My previous attempt [3] to fix the problem by applying extra pressure on slab shrinker lists caused a regressions with xfs and ext4, and has been reverted [4]. The following attempts to find the right balance [5, 6] were not successful.
So instead of trying to find a maybe non-existing balance, let's do reparent accounted slab caches to the parent cgroup on cgroup removal.
There is however a significant problem with reparenting of slab memory: there is no list of charged pages. Some of them are in shrinker lists, but not all. Introducing of a new list is really not an option.
But fortunately there is a way forward: every slab page has a stable pointer to the corresponding kmem_cache. So the idea is to reparent kmem_caches instead of slab pages.

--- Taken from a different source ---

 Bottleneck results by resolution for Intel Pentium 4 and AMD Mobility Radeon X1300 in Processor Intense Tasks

It's actually simpler and cheaper, but requires some underlying changes: 1) Make kmem_caches to hold a single reference to the memory cgroup, instead of a separate reference per every slab page. 2) Stop setting page->mem_cgroup pointer for memcg slab pages and use page->kmem_cache->memcg indirection instead. It's used only on slab page release, so performance overhead shouldn't be a big issue. 3) Introduce a refcounter for non-root slab caches. It's required to be able to destroy kmem_caches when they become empty and release the associated memory cgroup.
There is a bonus: currently we release all memcg kmem_caches all together with the memory cgroup itself. This patchset allows individual kmem_caches to be released as soon as they become inactive and free.

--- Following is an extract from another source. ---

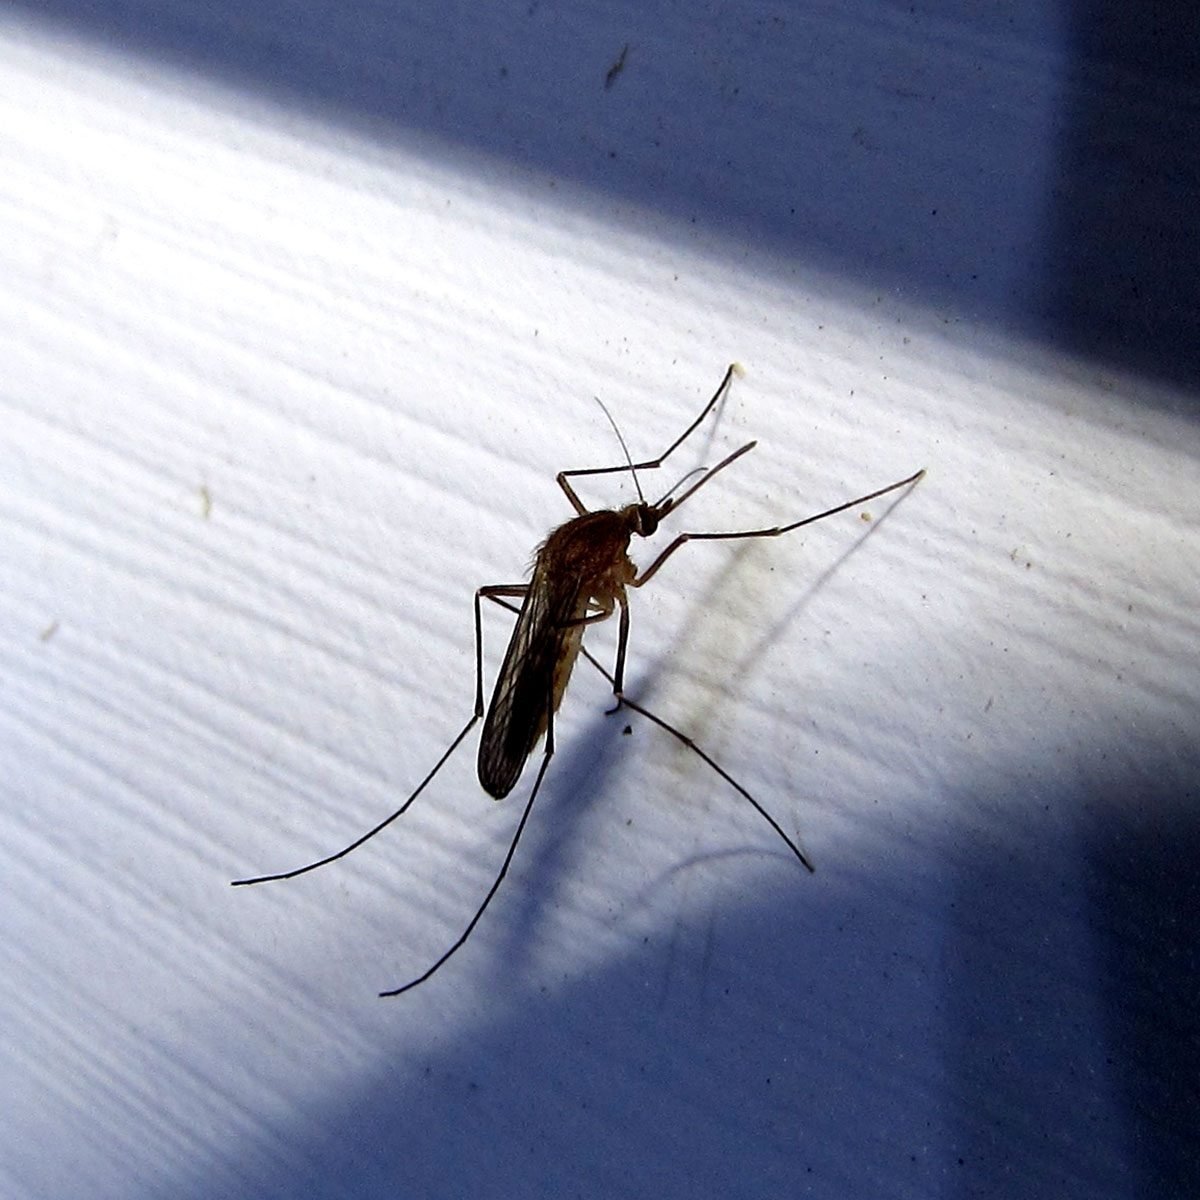 Expert Tips for Keeping Mosquitos Away This Summer

Some additional implementation details are provided in corresponding commit messages.
Below is the average number of dying cgroups on two groups of our production hosts. They do run some sort of web frontend workload, the memory pressure is moderate. As we can see, with the kernel memory reparenting the number stabilizes in 60s range; however with the original version it grows almost linearly and doesn't show any signs of plateauing. The difference in slab and percpu usage between patched and unpatched versions also grows linearly. In 7 days it exceeded 200Mb.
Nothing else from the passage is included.